Researchers have demonstrated a method of reversing bone loss and inflammation for patients with leukocyte adhesion deficiency (LAD).
Leukocyte adhesion deficiency is a rare but life-threatening disease. Patients can succumb to bacterial infections because their immune systems lack a molecule required by immune cells, neutrophils, to go to the site of infection.
These patients often lose their teeth early in life, and the University of Pennsylvania School of Dental Medicine teamed with investigators from the National Institutes of Health (NIH) to help them.
The work was led by Penn Dental Medicine's George Hajishengallis, DDS, PhD, a professor in the department of microbiology, in collaboration with Niki Moutsopoulos, DDS, PhD, of the National Institute of Dental and Craniofacial Research.
Researchers used to believe that LAD patients developed severe periodontitis because of this inability of neutrophils to cross from the bloodstream into gingival tissue. Bacteria, therefore, were believed to thrive unchecked in the gingiva.
The view was so reasonable that nobody had questioned it, Dr. Hajishengallis explained, but the new study, published in Science Translational Medicine (March 26, 2014, Vol. 6:229, pp. 229ra40), challenges this assumption.
The team observed that periodontal disease and bone loss continued unchecked even when LAD patients were given antibiotics or had their plaque removed. As expected, the LAD patients did not have neutrophils in their gingival tissue, only in the bloodstream. Looking more closely, however, they realized that these patients had abundant bacteria on the surface of their teeth but normal bacterial levels inside their gingiva.
This was a very different form of periodontitis than what is seen in otherwise healthy people, in which the neutrophils can cause disease by being too active or present at high numbers in the gingiva.
To understand what was unique about the LAD patients' disease, the researchers examined their immune system-related genes and proteins. Compared with people with periodontitis or gingivitis who were otherwise healthy, one molecule in particular stood out: People with LAD had very high levels of IL-17 mRNA and IL-17-expressing cells in their gingival tissue.
These findings matched up with what the researchers had observed in mice that were bred to lack LFA-1, a molecule that normally helps neutrophils exit the bloodstream. Like human LAD patients, these mice had serious periodontal disease early in life, and their gingiva contained high levels of IL-17 mRNA and protein, as well as IL-23, a protein in the same pathway as IL-17.
IL-17 is in a signaling pathway that acts as a feedback loop for the immune system. When the pathway senses that a tissue contains few neutrophils, levels of IL-23 and IL-17 go up, encouraging more neutrophil production and migration from the bloodstream into the tissue. But, because LAD patients' neutrophils cannot move into the tissue, this pathway goes awry, leading to inflammation.
Not only can IL-17 encourage inflammation, but it can also encourage the development of osteoclasts, cells that break down bone, in this case teeth.
The researchers suspected that the bone loss was occurring because of IL-17 and not because the neutrophils could not control the bacterial infection.
To determine whether IL-17 or IL-23 was to blame for the periodontitis and bone loss in the mice with the LAD-like disease, the researchers injected molecules that block these proteins' activity in their gingiva.

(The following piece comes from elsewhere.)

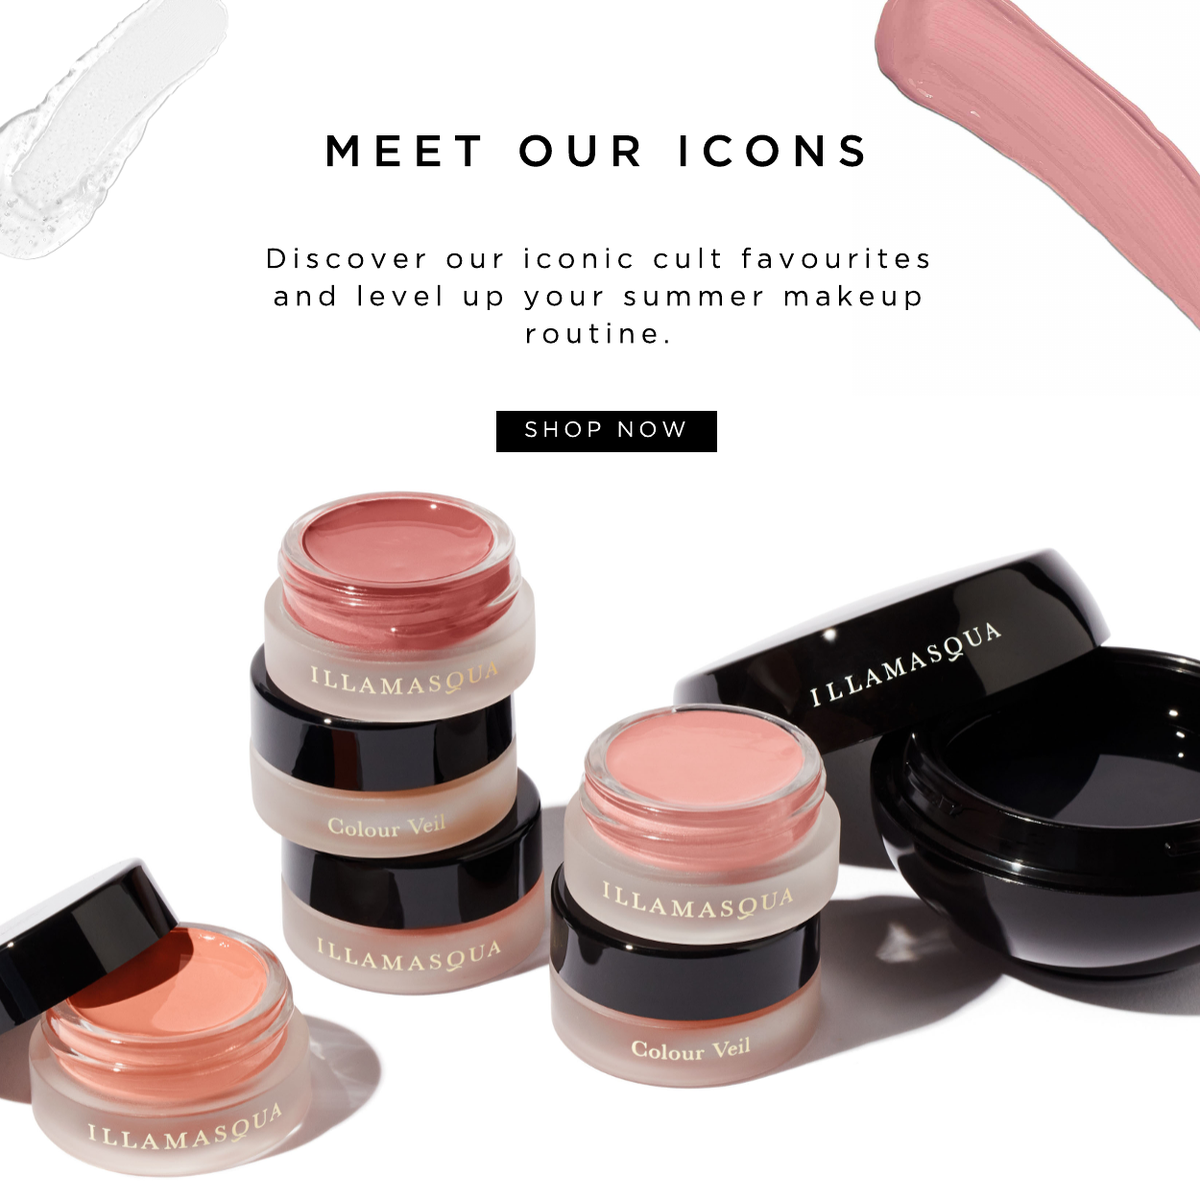 Meet our icons featuring Hydra Veil Primer and Colour Veil Blusher

They found out that blocking these two inhibited inflammation and bone loss, as well as the bacterial overgrowth. Periodontal bacteria thrive on inflammation, and consuming the breakdown products of tissues is how they get their food, Dr. Hajishengallis explained. Inhibiting inflammation starves them.
This result suggests that the reason bacterial numbers are so high in these mice, and, by extension, human LAD patients, is not because of a defect in the immune system's surveillance mechanism but because of the inflammation caused by the immune system's abnormal response to normal levels of bacteria in the gingiva, the study authors stated.
In other words, the bacterial overgrowth is the result and not the cause of this type of periodontitis, Dr. Hajishengallis noted.
Molecules that target and inhibit the activity of IL-17 are already used to treat autoimmune diseases such as psoriasis and rheumatoid arthritis, so the researchers want to see whether these compounds could also be used to treat periodontitis in LAD patients.